The Toy Dolls - The Album After the Last One (Cover Artwork)
Staff Review

The Toy Dolls

The Album After the Last One (2012)

King Midas


Although pop-punk has maintained a significant presence in the U.S. punk scene for over 25 years now, it's flabbergasting that in the states, the Toy Dolls are almost unknowns despite basically inventing the genre.* One of the very first punk bands to eschew anger in lieu of high energy fun, the Toy Dolls blended Chuck Berry licks with often silly, alliterative lyrics. Thirty-three years later, they haven't stray from the framework they created. On The Album After the Last One the Toy Dolls, show that man, they frickin' rock.

The Toy Dolls have never been a band to do a back-to-the-basics release because frankly, they never left the basics. But, now, more then ever, the band has shown that the old adage fundmentals-fundamentals-fundamentals really is the key to success. The Album After the Last One finds the band tearing through three chord rocker after three chord rocker with such energy and excitement, it sounds like they just started playing this kind of music last week.

Even though he's over 50, lead vocalist/guitarist/ringleader Olga still sounds like the world's snottiest five-year-old. With a high pitched voice that purposefully sings off key and twists words like "money" into "moooniee!" there is a mischievous playfulness to the songs that gives added depth to the lyrics. On "Kevin's Cotton Wool Kids" he describes an Annie-type situation about being picked on the bus, while all the while, it seems he's getting the last laugh. "Dirty Doreen" opens with Olga getting a bootie call from an =octogenarian and even more surprisingly, Olga seems to take her up on the offer.
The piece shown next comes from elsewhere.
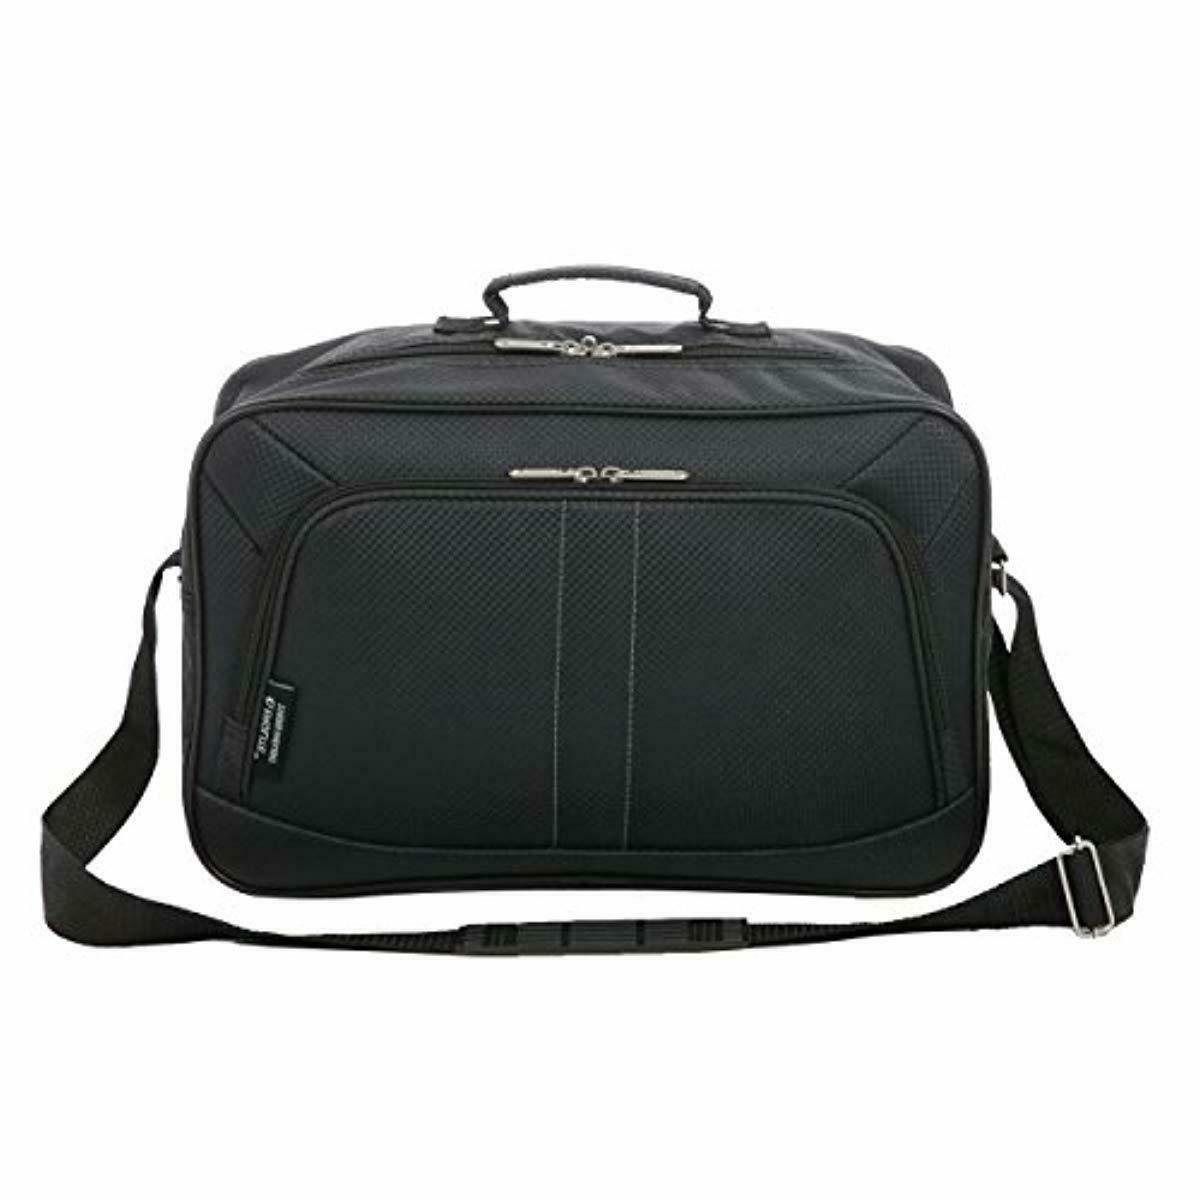 16 On Hand Flight Duffle Bag, Bag or

The album shows the circularity of music when on "Gordon Brown Gets Me Down," the band, while still flying along at their Jerry Lee Lewis on PCP tempo, sounds quite a bit like early Green Day…or is it the other way round? By playing their own influences so prominently, the band shows how they've influenced, directly or indirectly, countless other bands.

But, what really ties the album together is its loving devotion rock music–rock music in its original formation. "B.E.E.R.", which is one of the best songs the band ever recorded, takes the tried and true Billy Halley and the Comets' three chorus formula and revs it up so much, and strikes with such swinging precision, that the song is as fresh as anything else out there, and rocks twice as hard.

This is also evident on the acoustic bonus tracks where Olga trades his electric guitar for an acoustic one and runs across three humorous songs about getting ripped off in Cairo, stupid skinheads and other English things that I don't understand. The Toy Dolls have crafted their classic pop-punk attack to such a degree that even without electricity, it sound like they are cutting it up alongside Berry. That's no easy feat. It's equally no easy feet that a band like this could release one of their very best albums some thirty five years after striking their first three chords.

*I know, you're all like, "Nuh uh, John, the Ramones created pop punk." DENIED, junior. The Ramones created punk itself and had some proto-pop-punkish tunes, but weren't a pop-punk band.